Hi, On 27-08-15 15:46, Marek Olšák wrote:> On Thu, Aug 27, 2015 at 3:09 PM, Hans de Goede <hdegoede at redhat.com> wrote: >> Hi All, >> >> While debugging: https://bugzilla.redhat.com/show_bug.cgi?id=1008089 >> >> I made a apitrace recording of the a single slide transition >> animation, and since I suspected memory corruption replayed >> it using ElectrFence + glretrace, this finds a 0 sized array >> allocation at src/mesa/state_tracker/st_glsl_to_tgsi.cpp: 5565: >> >> if (proginfo->Parameters) { >> t->constants = (struct ureg_src *) >> calloc(proginfo->Parameters->NumParameters, >> sizeof(t->constants[0])); >> >> And if I protect the code against that one, another one at 5618: >> >> t->immediates = (struct ureg_src *) >> calloc(program->num_immediates, sizeof(struct ureg_src)); >> >> With the regular glibc malloc these both succeed as it actually >> returns a valid memory address (posix says it may also return NULL) >> >> I believe that the fragment program in question comes from: >> >> src/mesa/main/state.c update_program() and then from the >> >> else if (ctx->FragmentProgram._MaintainTexEnvProgram) { >> /* Use fragment program generated from fixed-function state */ >> >> } >> >> block. >> >> Interestingly enough if I allow malloc(0) to proceed from ElectricFence, >> then the glretrace runs fine, and even renders correctly, where as >> running the same gl command stream from libreoffice impress leads >> to missrendering on nv3c. >> >> So 2 questions: >> >> 1) Is it normal / expected for st_translate_program() to get called >> with an empty but not NULL proginfo->Parameters resp. num_immediates == 0 ? >> >> If not where would I begin to look for finding the culprit of this ? > > Yes, it's normal.OK, thanks for the clear answer on this.>> 2) Since the glretrace does work outside of libreoffice impress, I think >> it may have something to do with the visual chosen by libreoffice impress, >> is there an easy way to find out what visual lo is choosing? > > No, it's not because of the visual.
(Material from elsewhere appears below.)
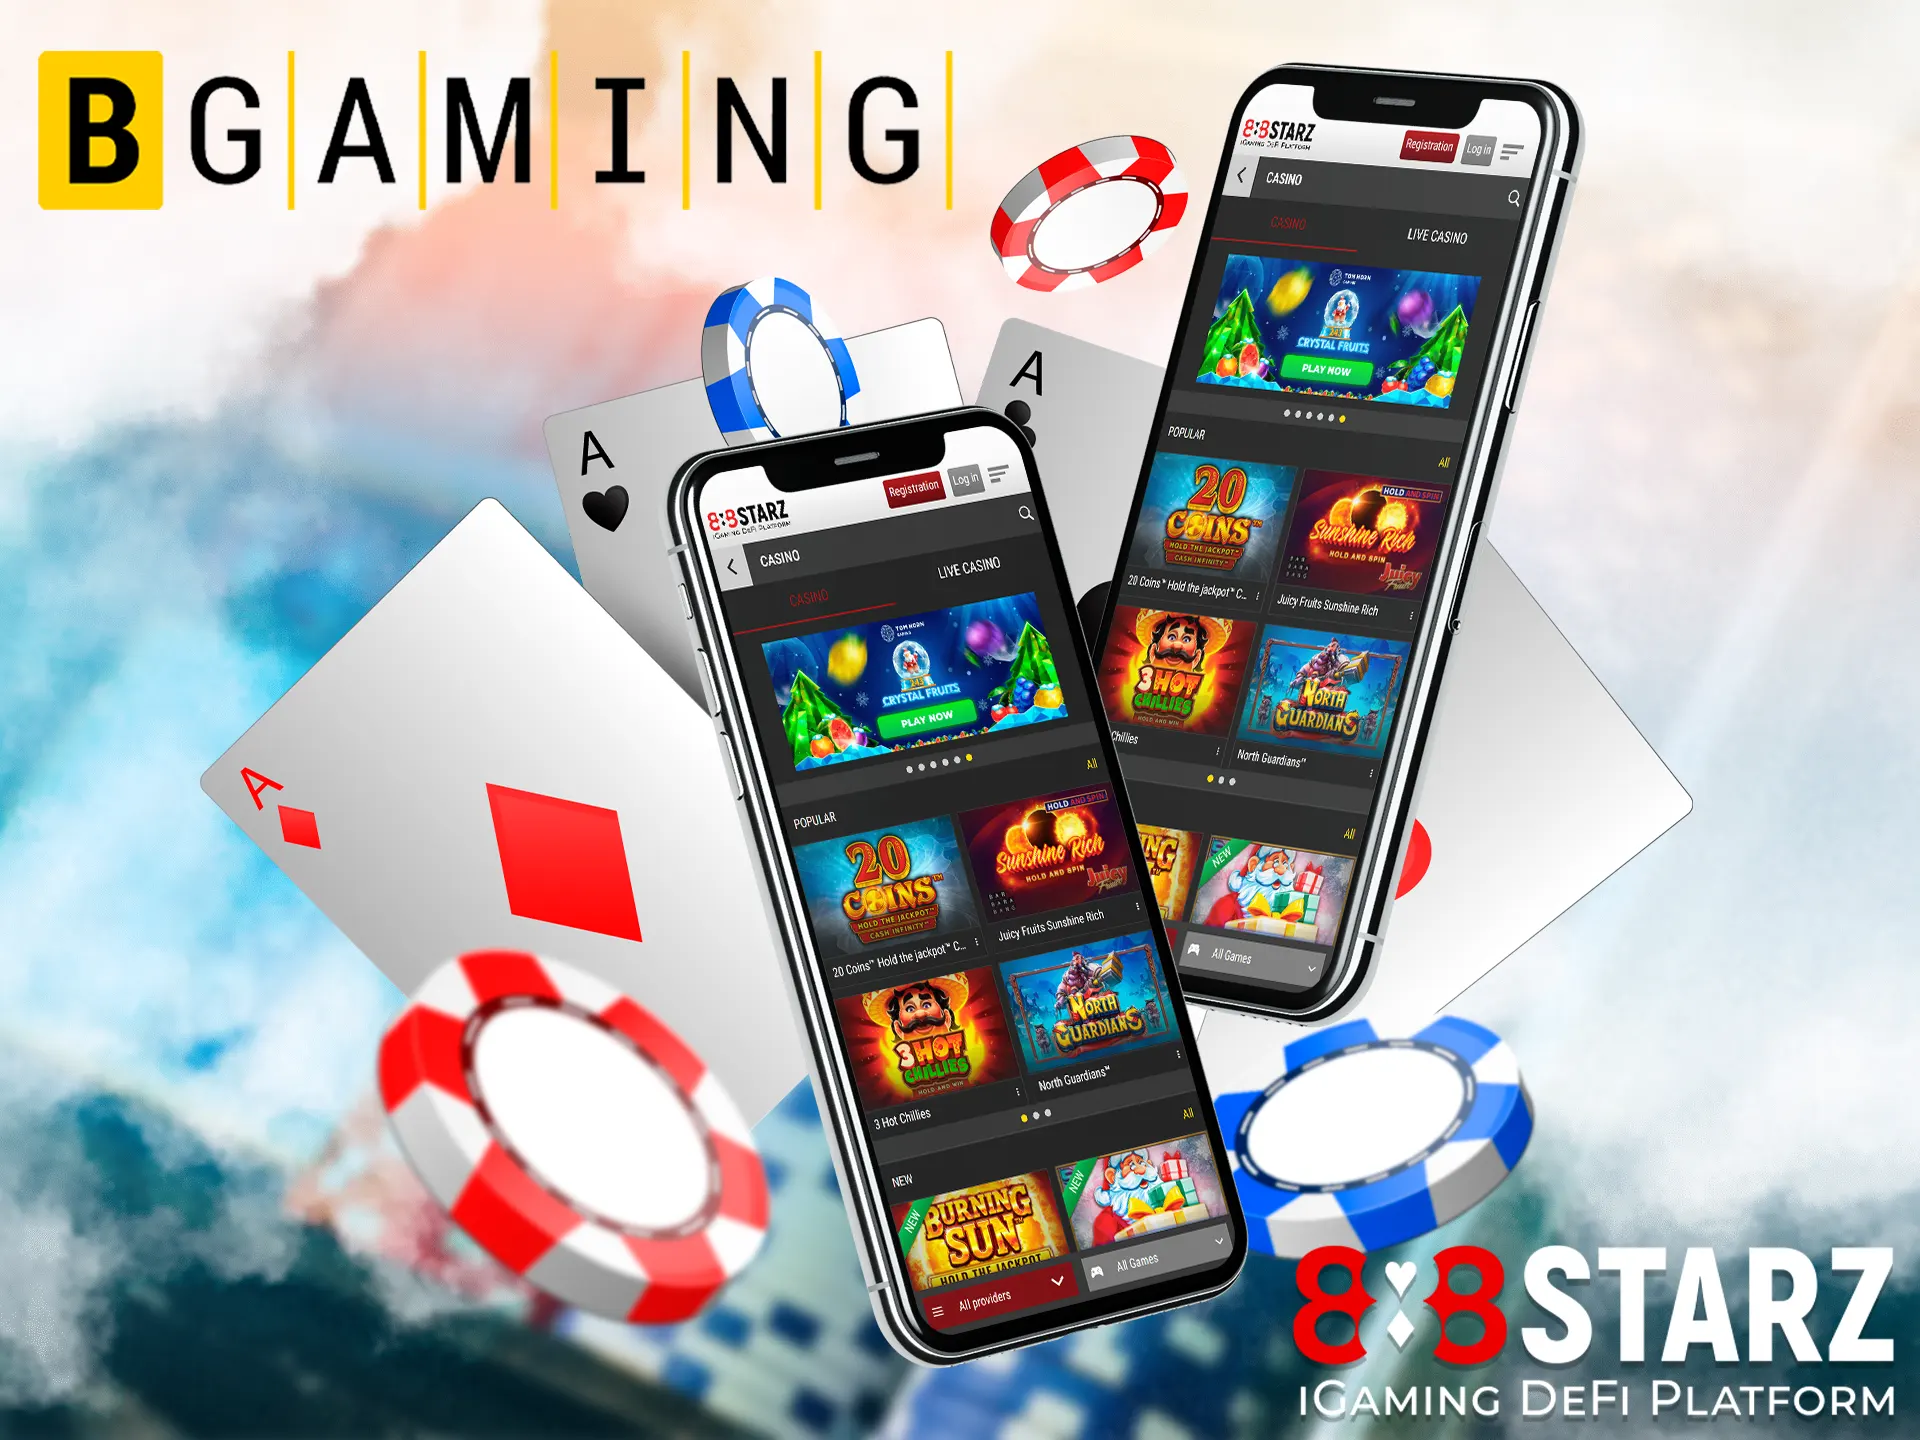 Immerse yourself in the world of quality design, high image quality, good gameplay at 888starz.

It seems to me that libreoffice > changed the behavior of malloc and calloc.I'm pretty sure that this is not libreoffice changing malloc / calloc, it links normally to libc, and the same slide transition works fine with an nv84 card which also has a gallium based mesa driver. I really believe this is due to libreoffice doing something opengl related differently then glretrace, be it the visual or something else back buffer related ... Regards, Hans
Alex Deucher
2015-Aug-27 17:59 UTC
[Nouveau] [Mesa-dev] gallium state tracker calls calloc for 0 sizes arrays ?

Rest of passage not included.